Justice Marvin R. Baxter wrote that the majority’s view on Proposition 213 was fair. What would be unfair is holding a government agency liable for huge pain-and-suffering awards for uninsured motorists, he said. 

That is because governmental bodies must pay for damage to city property caused by an uninsured motorist involved in an accident, Baxter wrote. Siding with the uninsured motorist, he said, would undermine the proposition’s goal “to prevent such drivers from being rewarded for their irresponsibility and law breaking.” 

It is a violation of California law to drive without proof of auto insurance. Proposition 213 passed after it was estimated that one-fourth of the driving public does not have auto insurance. was intended to limit the courthouse rights of the uninsured. 

The case decided Thursday involved a 19-year-old uninsured motorcyclist who suffered severe injuries during a 1991 auto accident in Fontana. After waiting years for a trial, a jury found Fontana and San Bernardino County responsible for half the accident because of their negligence in roadway maintenance. 

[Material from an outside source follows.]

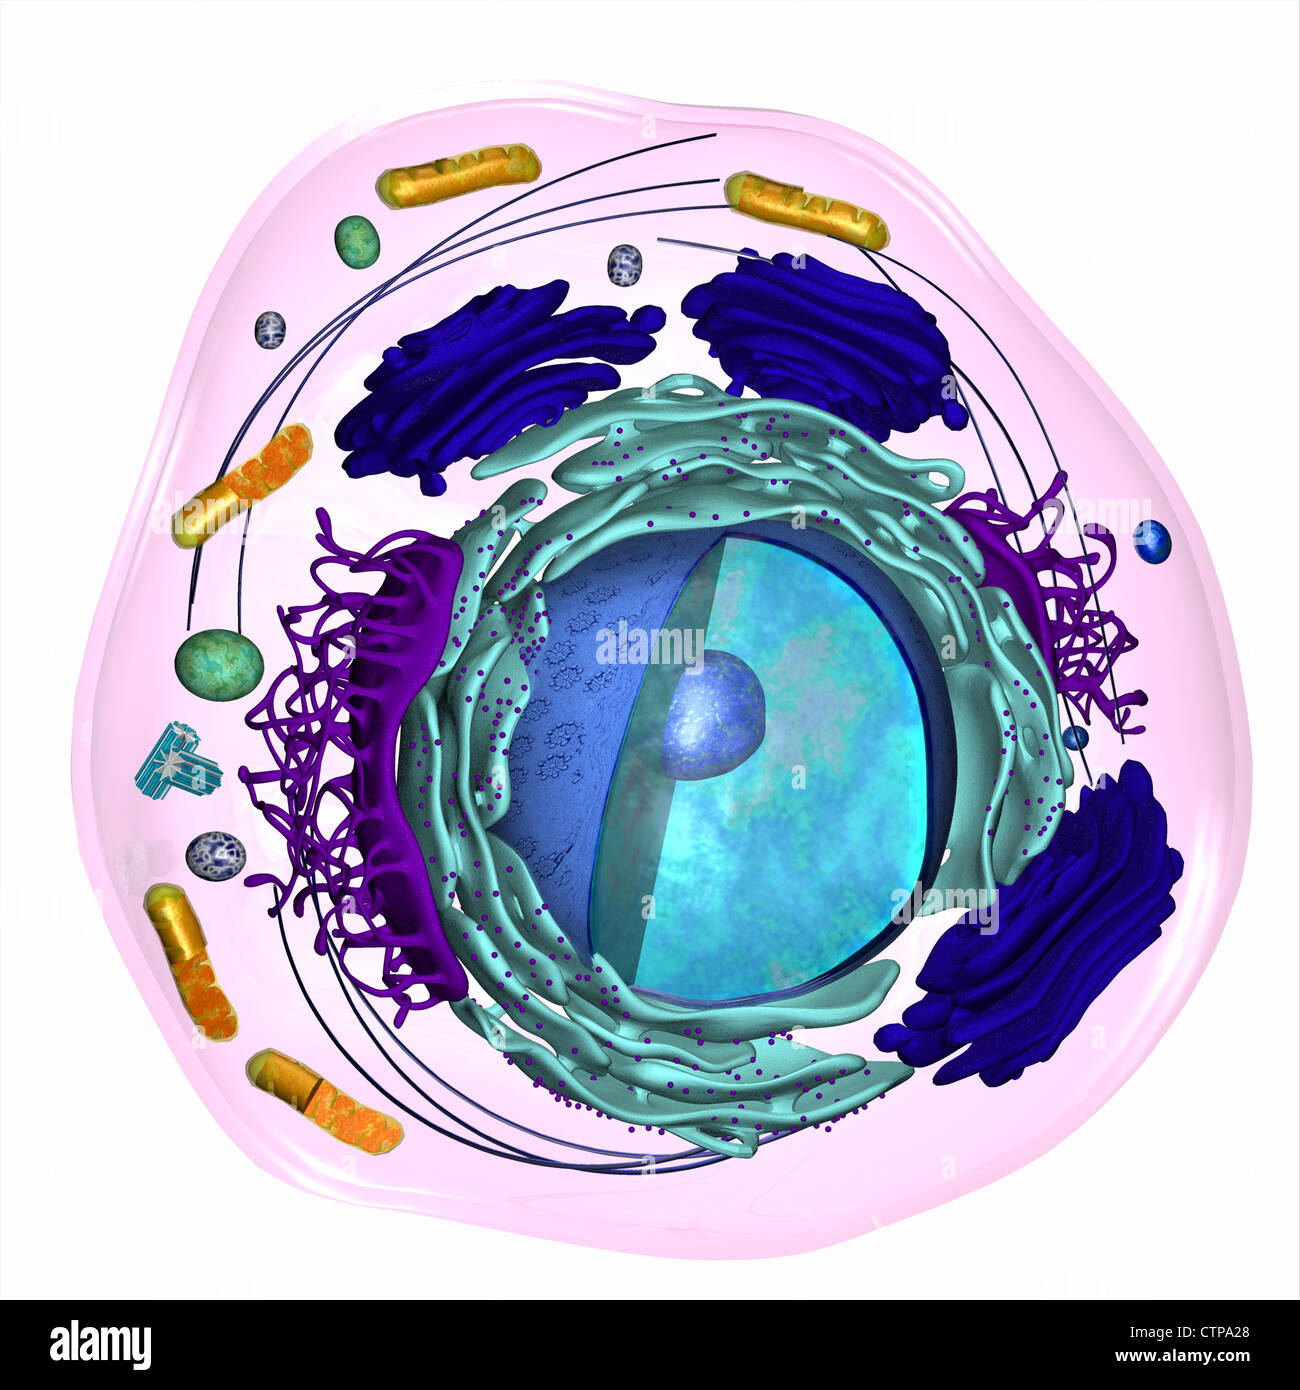 Modelo 3D de una célula eucariota Foto de stock

The motorcyclist’s trial came months after the 1996 proposition became law. The court did not concern itself that his injuries occurred five years before the measure’s passage. 

The hedges and weeds that obstructed the roadway and partly caused the accident have since been cleared. 

“Whether he had insurance or not, it was still an unsafe roadway,” said Wayne McClean, the motorcyclist’s attorney. 

In all, the jury awarded the injured motorcyclist $455,000. That money, to pay for Russell Day’s lost wages and medical expenses, is not enough to cover future surgeries Day will need, McClean said. 

Dennis E. Wagner, San Bernardino County deputy county counsel, said he was pleased with the decision. 

“Frankly, I’m assuming that perhaps government entities around the state will have a sigh of relief regarding this issue,” Wagner said. 

Still, in 1999, the high court said uninsured motorists could collect damages for pain and suffering from an automobile manufacturer in a product liability case. 

The case decided Thursday is Day vs. Fontana, S084616.